Mobil itupun mulai meninggalkan rumah yang hampir sama megahnya dengan rumah Kyuhyun. Yoora adalah anak teman appa Kyuhyun. Mereka teman bisnis. Tentu saja Yoora mempunyai materi yang berlimpah dan sama kayanya dengan Kyuhyun.
Ia jadi ingat kalung yang diberikan Kyuhyun untuknya. Meski ia bisa membelinya sendiri tentu akan berbeda jika Kyuhyun yang mengantar dan membelikannya karena menurutnya semua hal romantis yang Kyuhyun lakukan dan berikan sangat membekas dihatinya dan membuat dirinya tersenyum senang seharian.
••⏳⏳••
Seorang wanita dengan baju pelayannya tampak memerhatikan lingkungan sekitar. Ia mengigit jarinya seakan takut jika ia ketahuan oleh orang suruhan sang majikan.
Ia cemas karena sosok yang ia tunggu belum juga muncul. Ia tak boleh terlalu lama diluar bisa-bisa ia tertangkap oleh pengawal yang berjaga.
"Oh, Hani. Mian menunggu lama." Ujar pria itu dengan mengeluarkan kepalanya sedikit dijendela mobil sambil menunjukkan senyum tampan diwajahnya. Pria itu mengenakan kacamata hitam dan baju santai yang seakan membuat tubuh atletis dan jangkung itu semakin mempesona untuk dilihat.
"Masuklah." Ujarnya lagi. Hanipun mengangguk dan langsung memasuki mobil hitam tersebut.
Hani masih menimang-nimang dengan apa yang telah ia lakukan sekarang. Apakah ini benar dan yang terbaik?
"Bagaimana? Apa kau ingin membantuku?" Tanya pria itu langsung. Hani masih setia memainkan kuku jarinya. Benar. Ia harus melakukan hal ini karena hanya pria itu yang bisa membantunya.
"Iya tuan." Ujar Hani.
"Kau yakin?"
"...."
"Kurasa kau masih bimbang. Ini simpanlah nomorku. Jika kau sudah yakin hubungi aku segera." Ujar pria itu lagi sambil memberi sepotong kertas berisikan nomornya.
"Baik tuan."
"Tentu."
"Oh. Kurasa kau harus segera pulang. Aku tak mau pria menakutkan itu melihatmu. Bisa-bisa ia melakukan hal yang tak terduga terhadapmu." Ujar pria itu mengingatkan.
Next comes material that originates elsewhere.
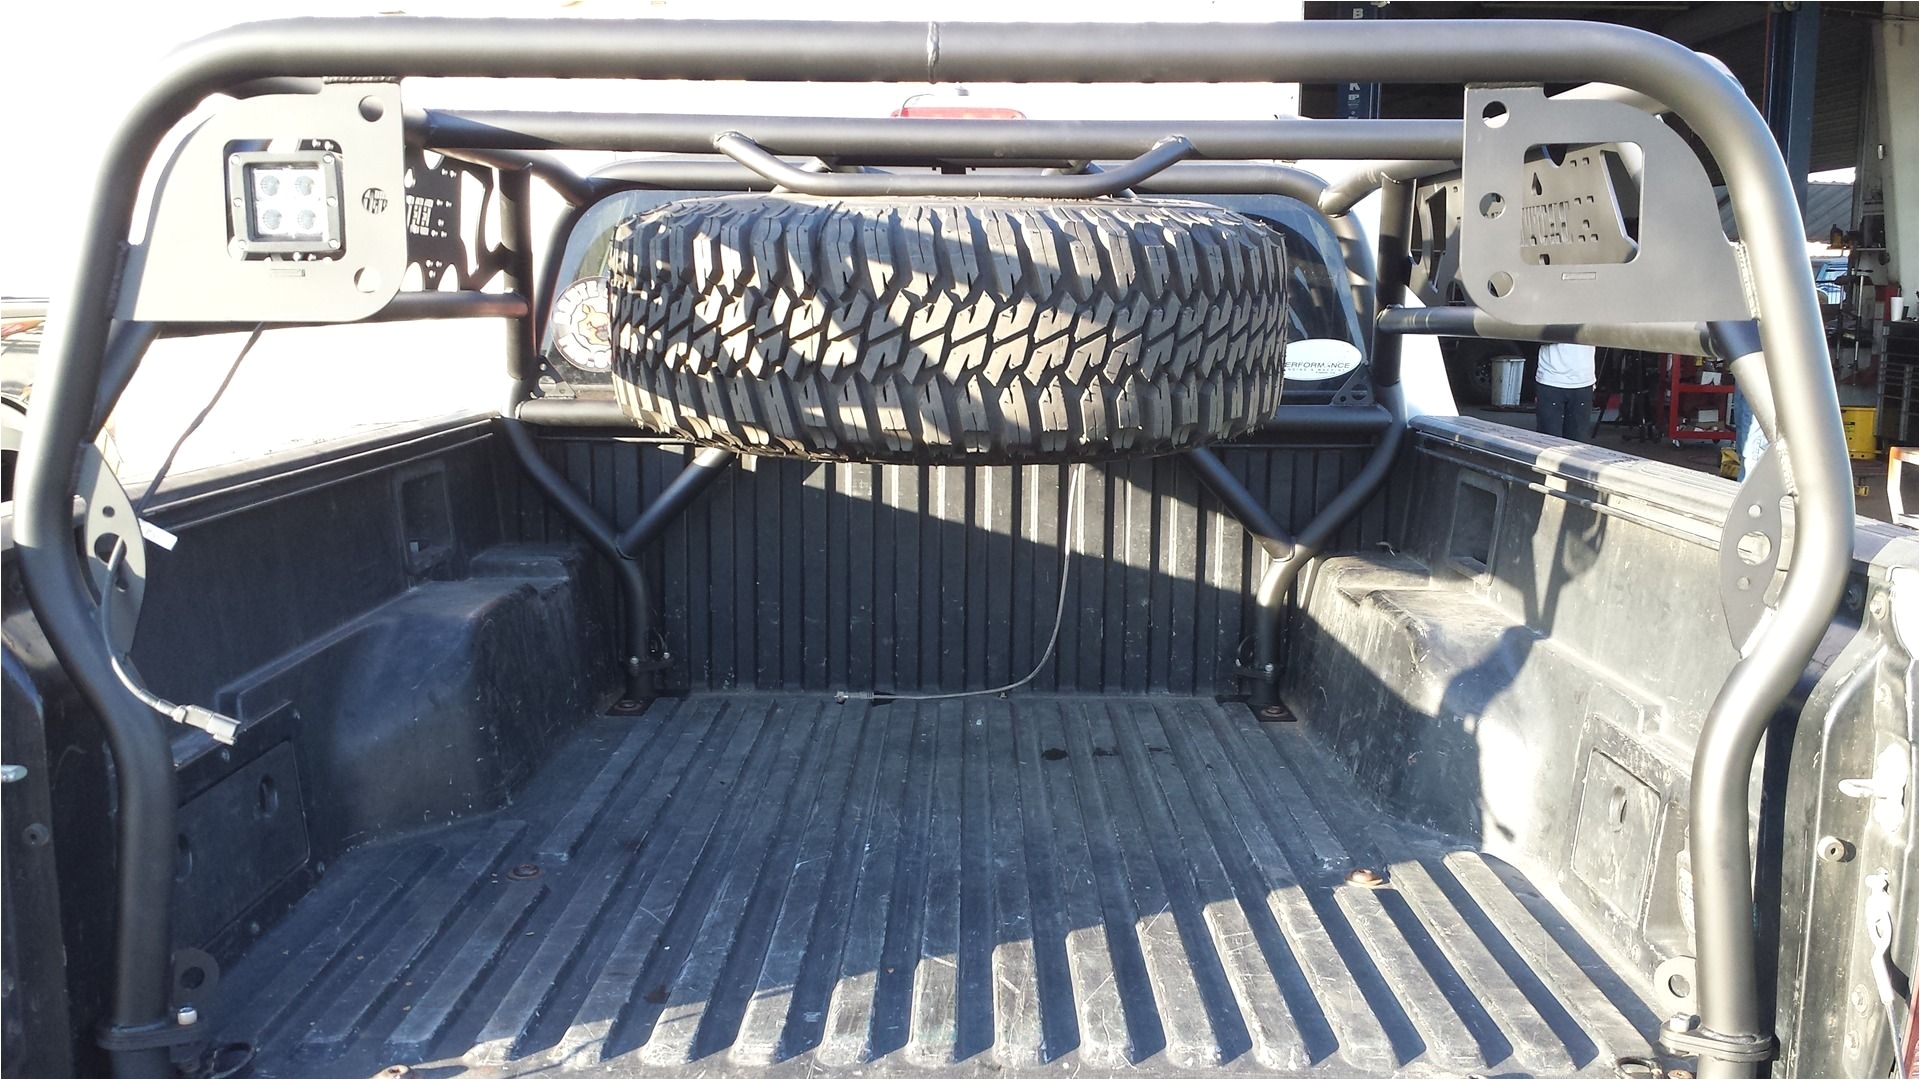 brute force fab bed cage for tacoma pickup bolts to the bed mounts instead of the rails

"Iya tuan." Ujar Hani lalu berusaha turun dari mobil.
"Baiklah, hati-hati dijalan." Ujar pria itu sambil melambaikan tangannya. Hani tersenyum menanggapinya lalu menundukkan kepalanya sedikit untuk berterima kasih kepadanya.
"Anda juga tuan Sehun." Ujar Hani. Pria itupun tersenyum dan mulai meninggalkan dirinya.